## DATA EXCERPT
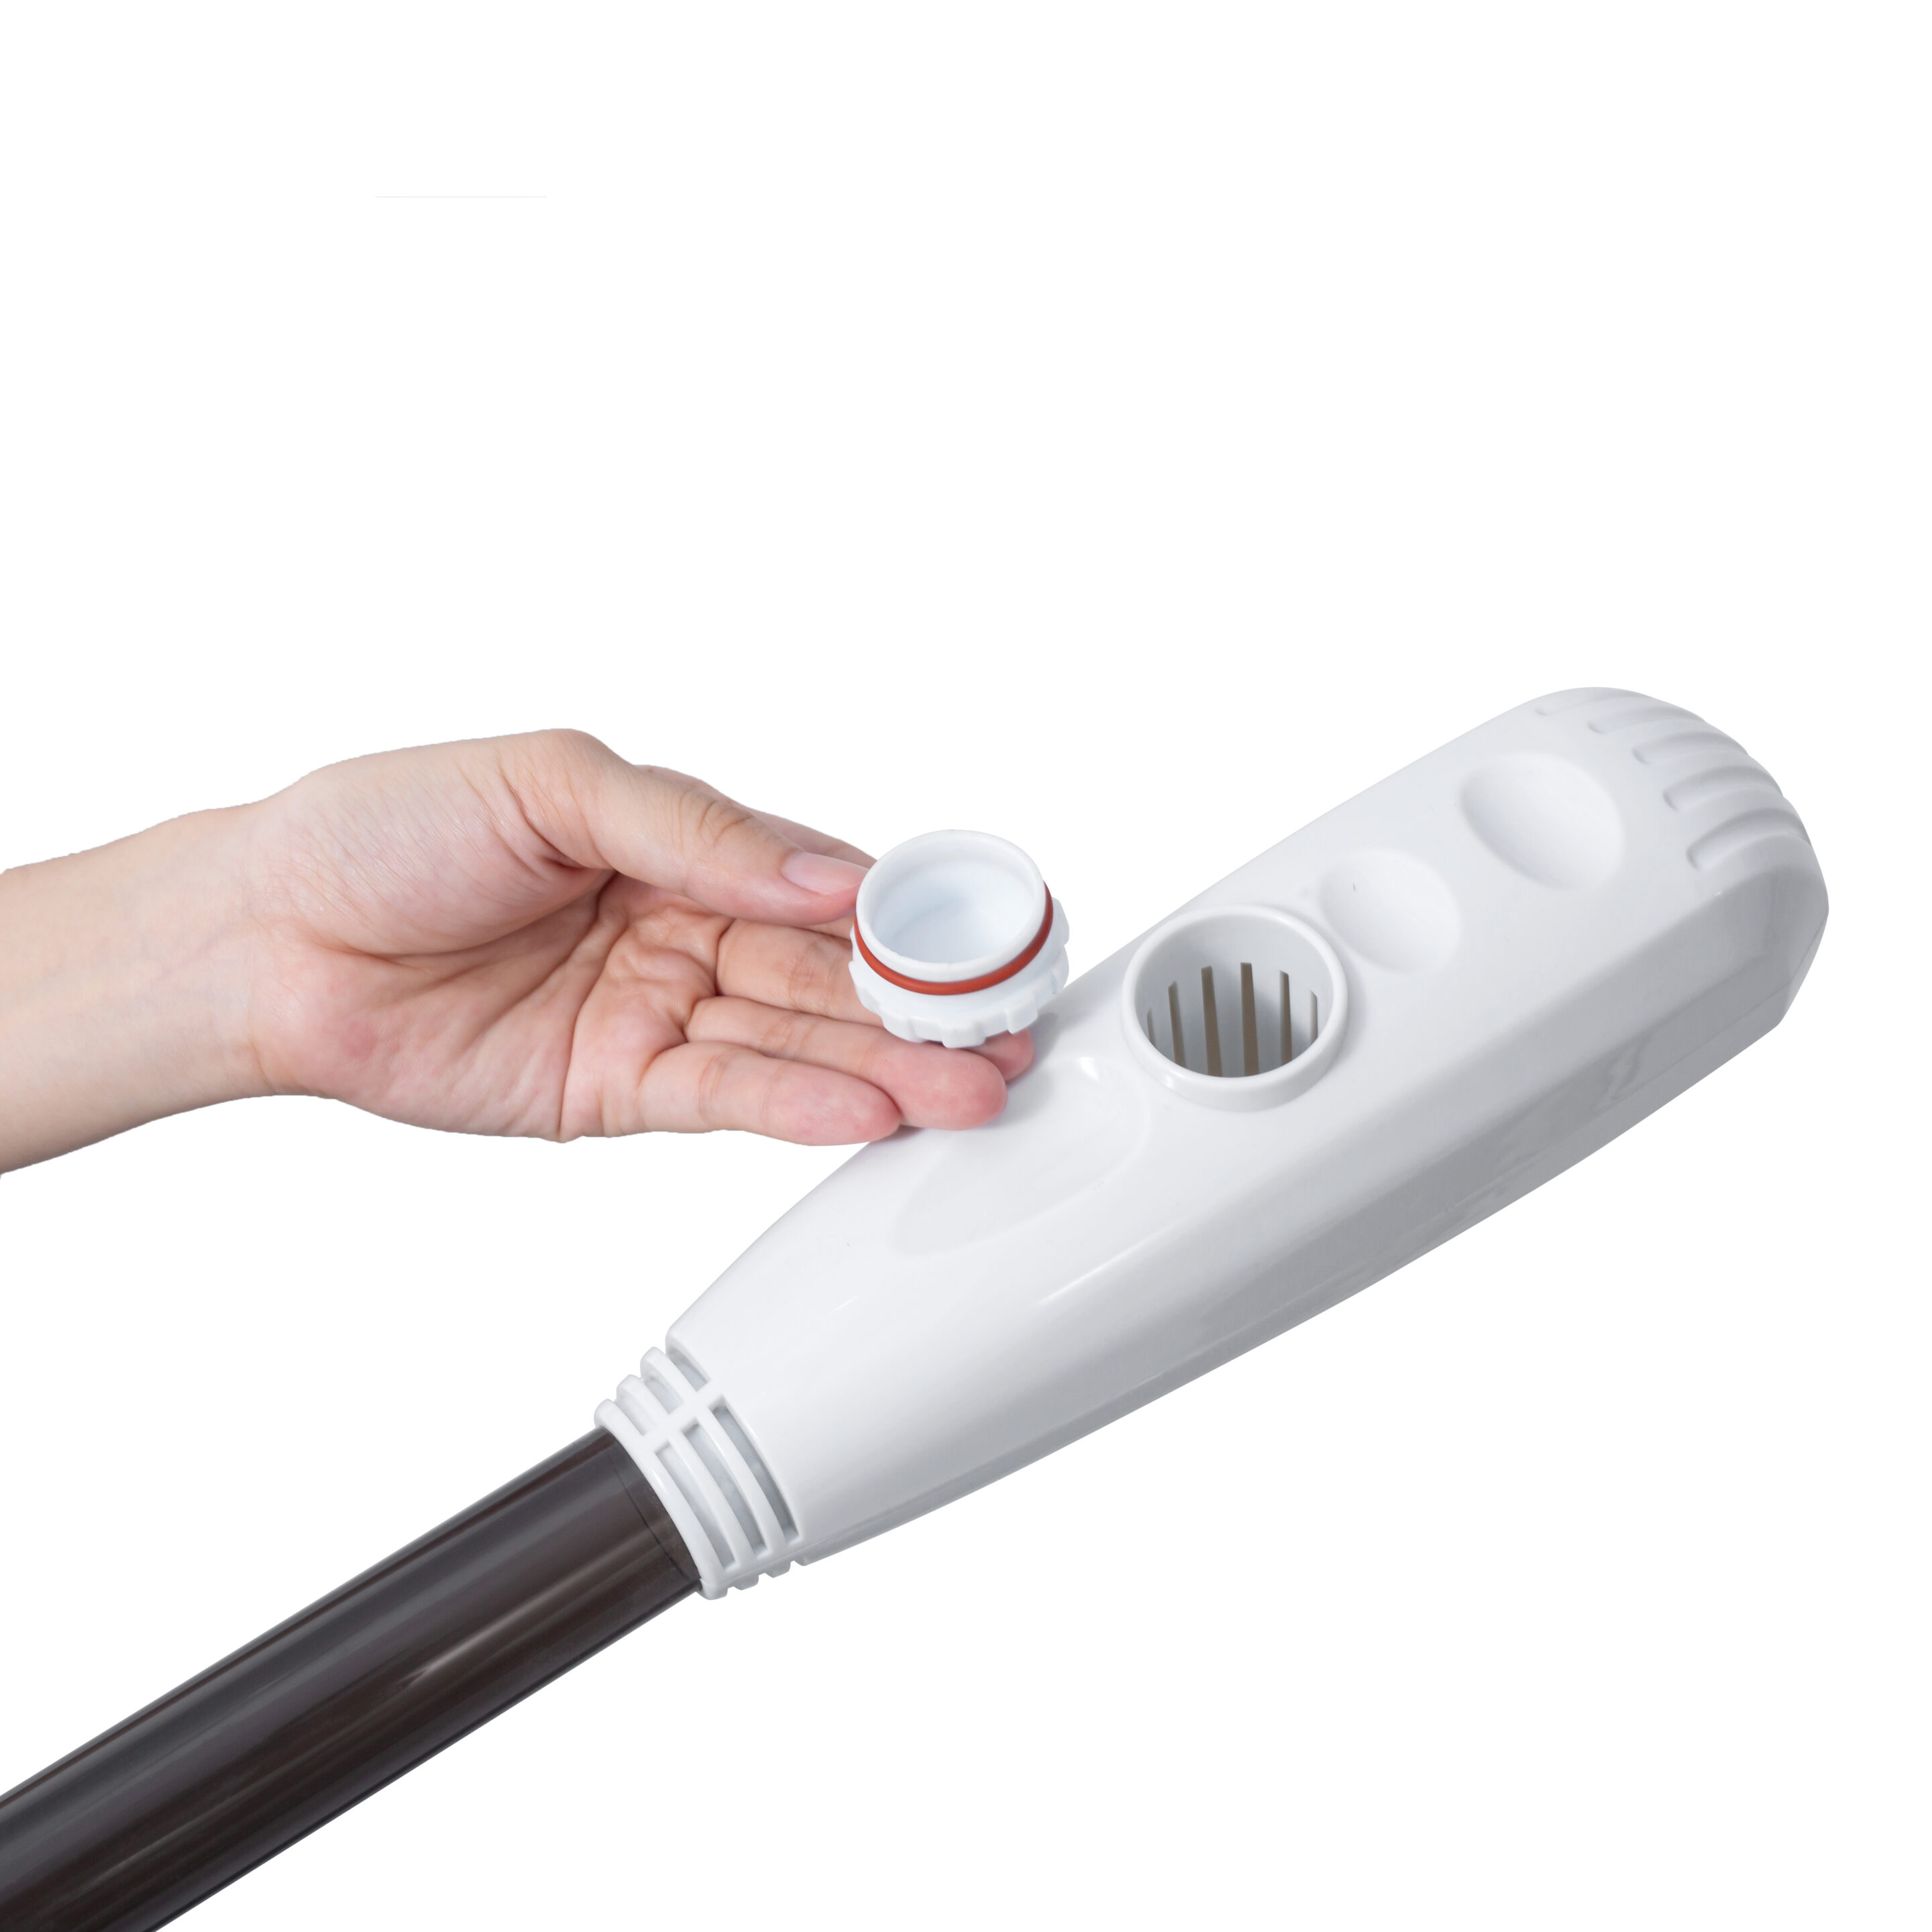 Upgraded Double-Tube Cold & Heat Spray Facial Steamer
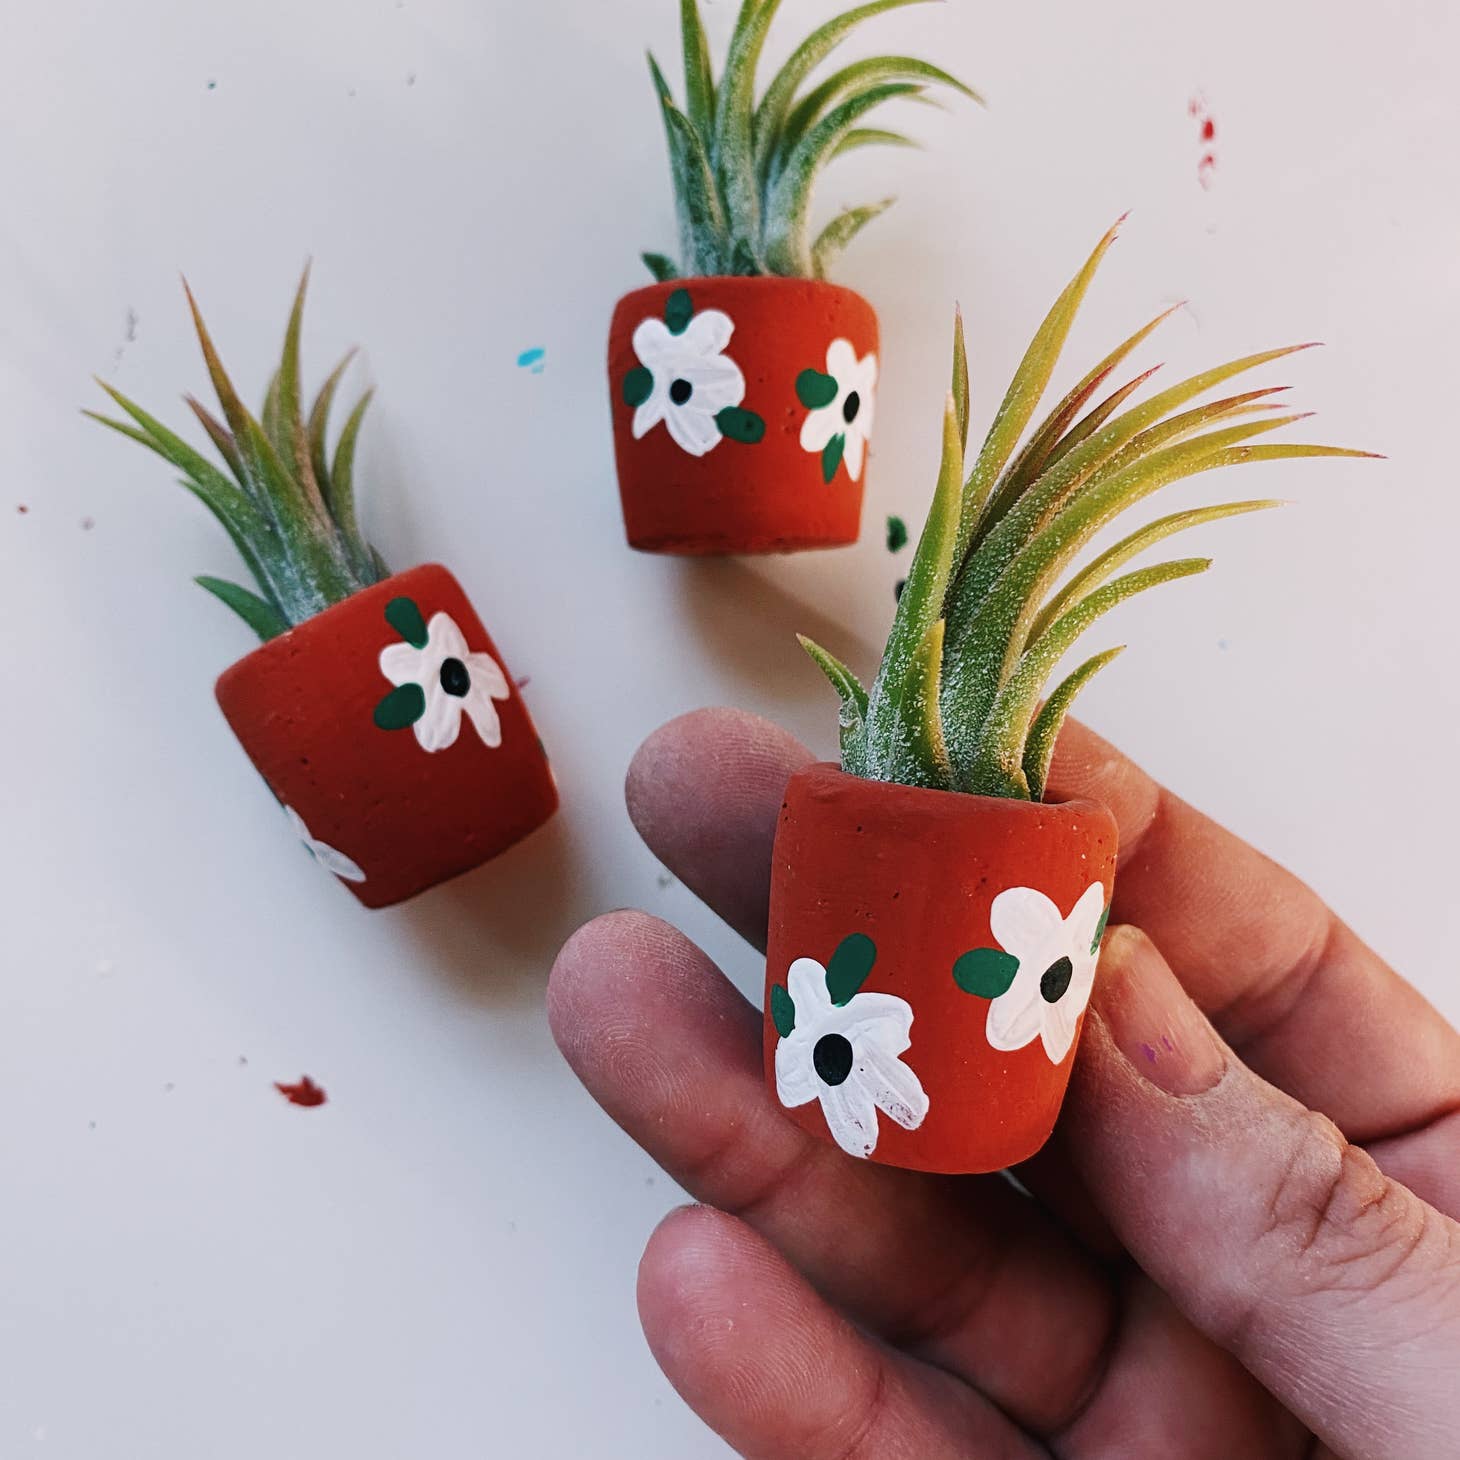 A cute, handmade mini planter made for air plants or succulents.   - handmade with concrete & hand painted. Includes airplant. o'berrys succulents
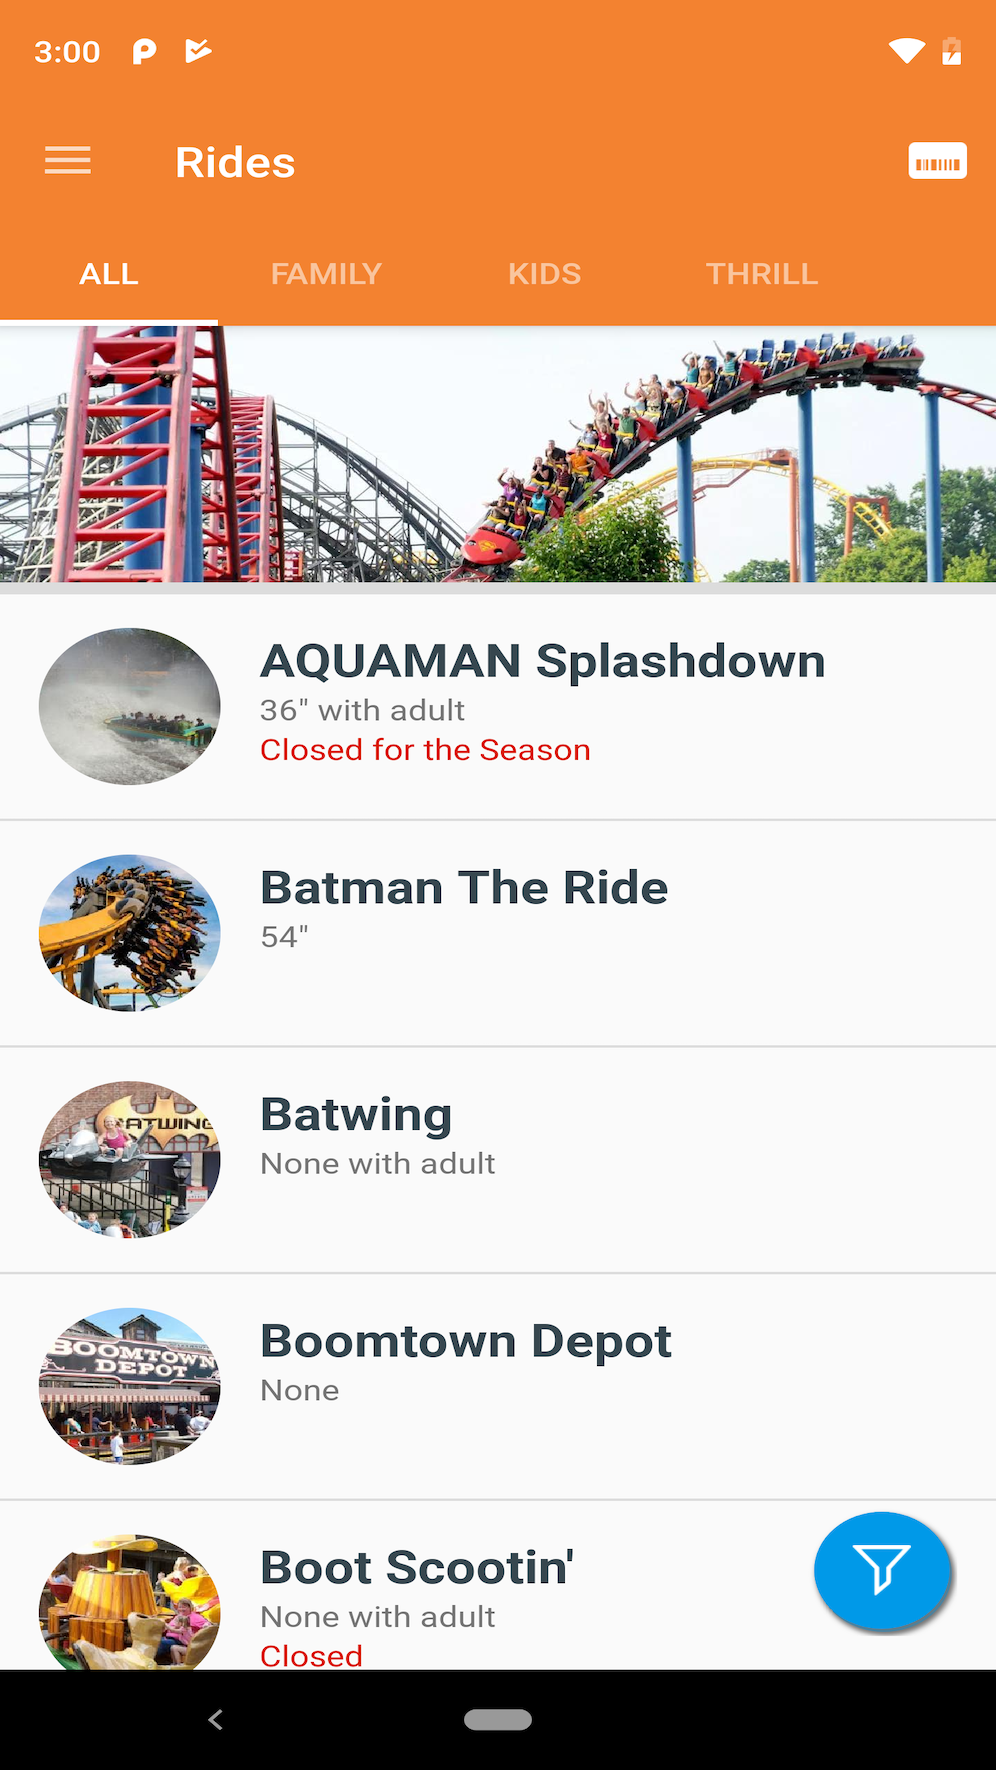 Android application Six Flags screenshort

## WORK REQUIRED
Please write out the entire listing above exactly, but leave the pictures out.

## ANSWER BOX
 Upgraded Double-Tube Cold & Heat Spray Facial Steamer
 A cute, handmade mini planter made for air plants or succulents.   - handmade with concrete & hand painted. Includes airplant. o'berrys succulents
 Android application Six Flags screenshort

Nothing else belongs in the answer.